Peter Mandelson may blush at some of the personal details laid bare in his emails to Jeffrey Epstein. But perhaps the most chilling tell is advice given in 2009 to Jamie Dimon, chief executive of the investment bank JP Morgan, saying his response to the prospect of a tax on bankers’ bonuses should be to ‘mildly threaten’ the UK government.
Dimon took advice from the then business secretary to come over all Tony Soprano with the government of which Mandelson was a part. He privately warned the then chancellor, Alistair Darling, that plans for a new London office for JP Morgan would be reconsidered if that tax went ahead. Nice City of London you got there, Alistair – pity if anything should happen to it.
Institutional logic does not explain Reeves’s love-in with the banks. They seem to have made a Faustian pact
Sixteen years have passed since Dimon gave that warning.

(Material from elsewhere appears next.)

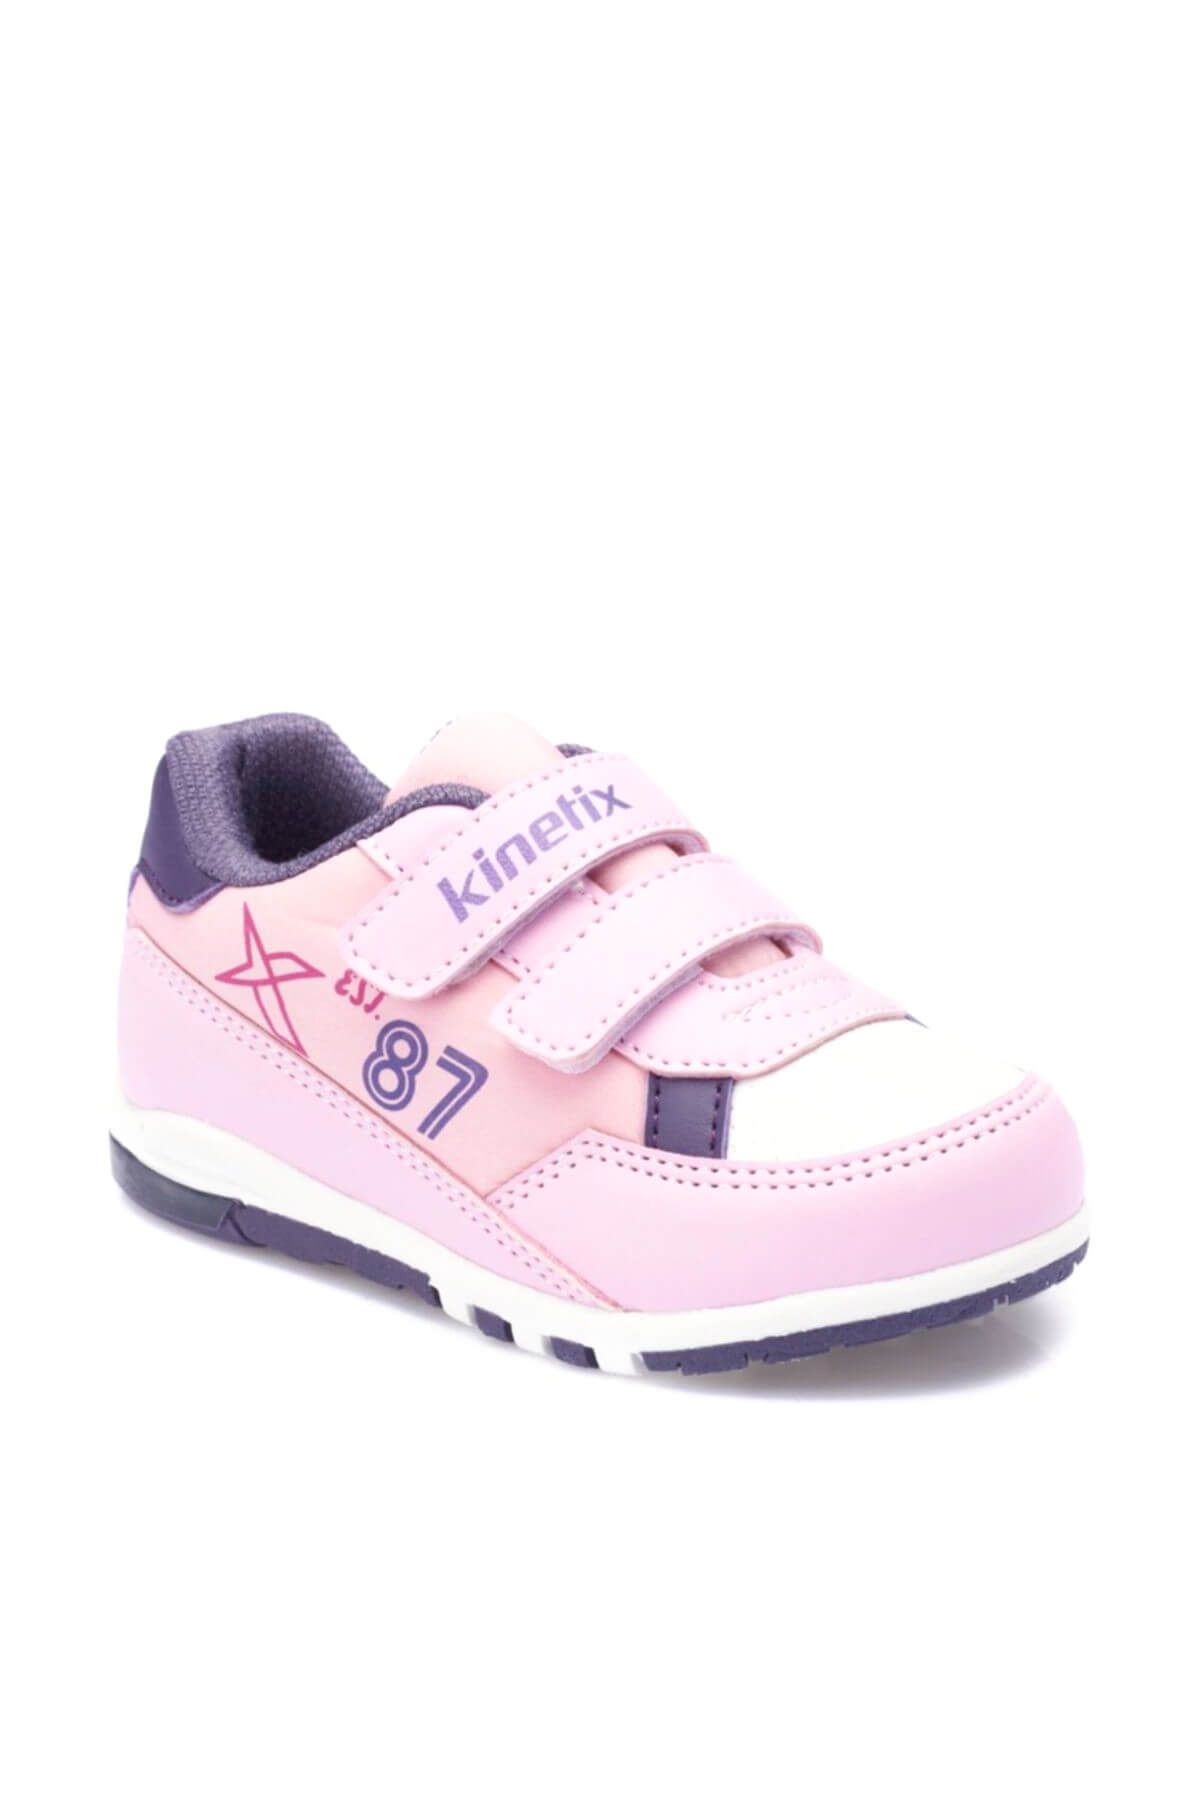 Kinetix Melsi Açık Pembe Mor Kız Çocuk Sneaker Ayakkabı 100325659

Epstein is dead, Lord Mandelson faces a police investigation, and our politicians have pledged to clean out the stables. But one thing has not changed. The bankers still feel they can coerce our elected politicians. And the current Labour Chancellor doesn’t just acquiesce to the coercion – she makes a virtue of it, while the rest of us pay the price. The banks have demonstrated that, so long as they get their way, they will continue to offer ‘investment’ the Chancellor can boast about.
Before Rachel Reeves’s second Budget last November, she had been considering how to plug the hole in the public finances. One option, favoured by the then deputy PM Angela Rayner, was a windfall tax on the banks. The Labour-friendly thinktank the Institute for Public Policy Research (IPPR) had made a compelling progressive case for the levy. But Reeves refused to go after the bankers’ handsome profits. She raised taxes on small businesses instead.
The banks were delighted. JP Morgan announced a new three million sq ft European headquarters in Canary Wharf, housing some 12,000 employees. The plans had been in the deep freeze since 2009, but now Reeves had shown whose side she was on. JP Morgan was not the only international finance house delighted that she had shown herself so sympathetic to their remuneration strategy. The same day, Goldman Sachs unveiled a tech hub for Birmingham.
Reeves boasted that these announcements showed the banks were ‘choosing Britain because they like what they heard in the Budget’. Indeed. But just in case Reeves felt tempted at any time to reconsider and direct tax rises towards some of the wealthiest institutions on the planet, another Dimonesque ‘mild threat’ accompanied the investment announcement. The plans, JP Morgan said in a press release, remain ‘subject to a continuing positive business environment in the UK’. In other words: ‘You get the building, we keep the billions, but if you come after the big bucks then fuhgeddaboutit.’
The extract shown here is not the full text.